— Фи-и, какие старые, к тому же детские и наивные разговоры… Кажется, такие рассуждения уже вышли из моды. Алешенька, вы же просто отстаете от моды, сейчас другая жизнь — иная логика, иные представления…
— Мамочка, он не гонится за модой. Он простой советский скромный юноша. Он ненавидит ложь, лицемерие, приспособленчество. Он правильный человек, мамочка! Он из другого века. Из того, когда были живы еще мамонты… — Она усмехнулась. — Вот и вчера…
Да, вчера… Вчера Алеша приехал, когда праздник был уже в полном разгаре. В Наташиной комнате веселилась одна молодежь — Павел Петрович с Лидией Константиновной не «путались» под ногами. Свобода была полная…
Ревел магнитофон, горели свечи, дымились сигареты, лилось вино… шум, гвалт, смех, звон бокалов, и музыка, и ритм, ритм… В круг выходили одни девушки, все, сколько их было, шесть красивых современных девушек, все Наташины подруги, и начиналось упоение танцем — и звуками, и ритмом, и движениями, да еще к тому же всех подзадоривала Милочка Филаткина, одна из лучших Наташиных подруг: «Девочки, давай! Давай, девочки, давай, та-ак, та-ак!..»
В руках у Милы была туфелька — черная лакированная туфелька, новенькая, сверкающая, на широком, немыслимо высоком каблуке, отличная французская туфелька, — и в эту туфельку Мила налила сладкого красного вина и всех по кругу заставляла пить его, а кто отказывался, отбивался, того Мила со смехом, с шутками, но заставляла все-таки выпить, и все пили, пьянели, смеялись… А потом Мила бросила туфельку в сторону (туфли подарили Наташе родители) и вышла снова в круг, но тут как раз закончилась музыка, и кто-то начал перематывать пленку, а Мила подбежала к столу и всем в бокалы плеснула шампанского и заговорила, заговорила…
— Мы выпьем за нашу Динуленьку, за нашу героическую Динуленьку, Милочка Филаткина любит Динуленьку… — С этими словами она подошла к одной из девушек, самой спокойной, с ироничными глазами, и поцеловала ее. — И выпьем за нашу Наташеньку, за нашу умницу, выпьем за ее красивые глазки, за ее красивые ножки, за ее красивые плечики… за Наташеньку, за именинницу!
И опять гремела музыка, и Мила Филаткина, озорно оглядев танцующих, кому-то даже погрозила пальчиком: «Ох, проказница…» — и заговорила радостно:
— Милочка Филаткина любит всех… Милочка Филаткина будет любить всех… Милочка Филаткина забудет всех своих Юр, Слав, Адиков и Эдиков, Рычкиных и Будановых, Павловых и Вальковых, всех этих Саш, Феликсов и Лёнь — забудет Гумера и даже Бореньку, — «И даже Шуриков и Аликов», — подсказал кто-то Миле, и она весело рассмеялась: — Да, да!
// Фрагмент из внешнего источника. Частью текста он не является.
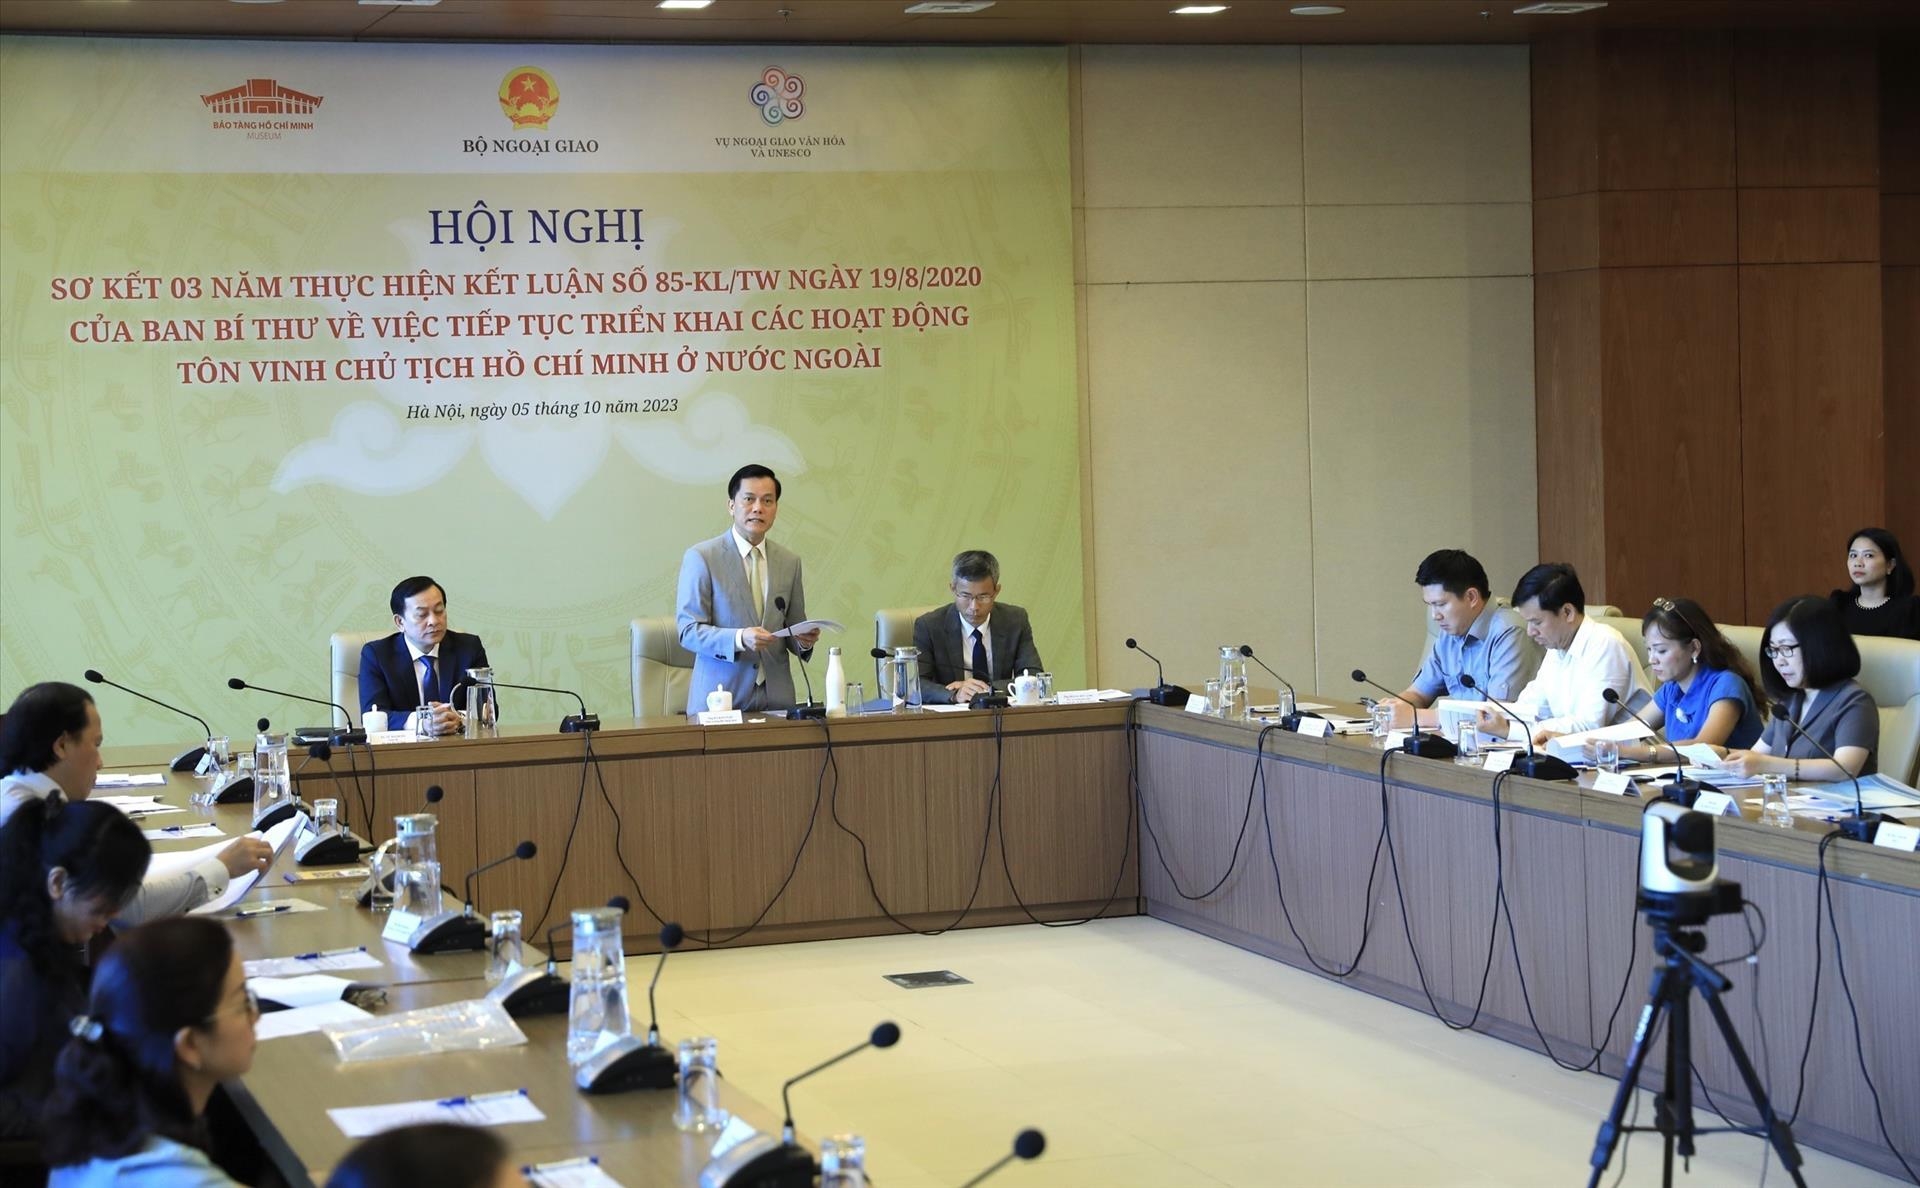 越南外交部副部长、越南联合国教科文组织国家委员会主席何金玉在会上发表讲话。

И будет любить вот этого пупсика, вот этого карманного усатенького тараканчика… — Мила подошла к тахте, на которой сидел незнакомый Алеше парень с усами на манер английских или молдавских усов, наклонилась к нему, поцеловала в губы и прочитала из книги, которую тот держал в руках:
Девочки, — сказала Мила, — это Хайям. Это любимец вот этого усатенького. — Она снова поцеловала его. — Вот этого моего тараканчика. — И, опять поцеловав его, она села к нему на колени:
Она прочитала это даже с укоризной, потому что парень с усами за весь вечер ни разу не улыбнулся, ни разу не поднялся со своего места, сидел унылый и как бы совершенно не по эту, а по ту сторону веселья. В компании был еще один парень, друг усатого, который хоть и не танцевал тоже, но все время повторял: «Нет, хорошо-то как… как хорошо! Как здорово все, как ужасно…»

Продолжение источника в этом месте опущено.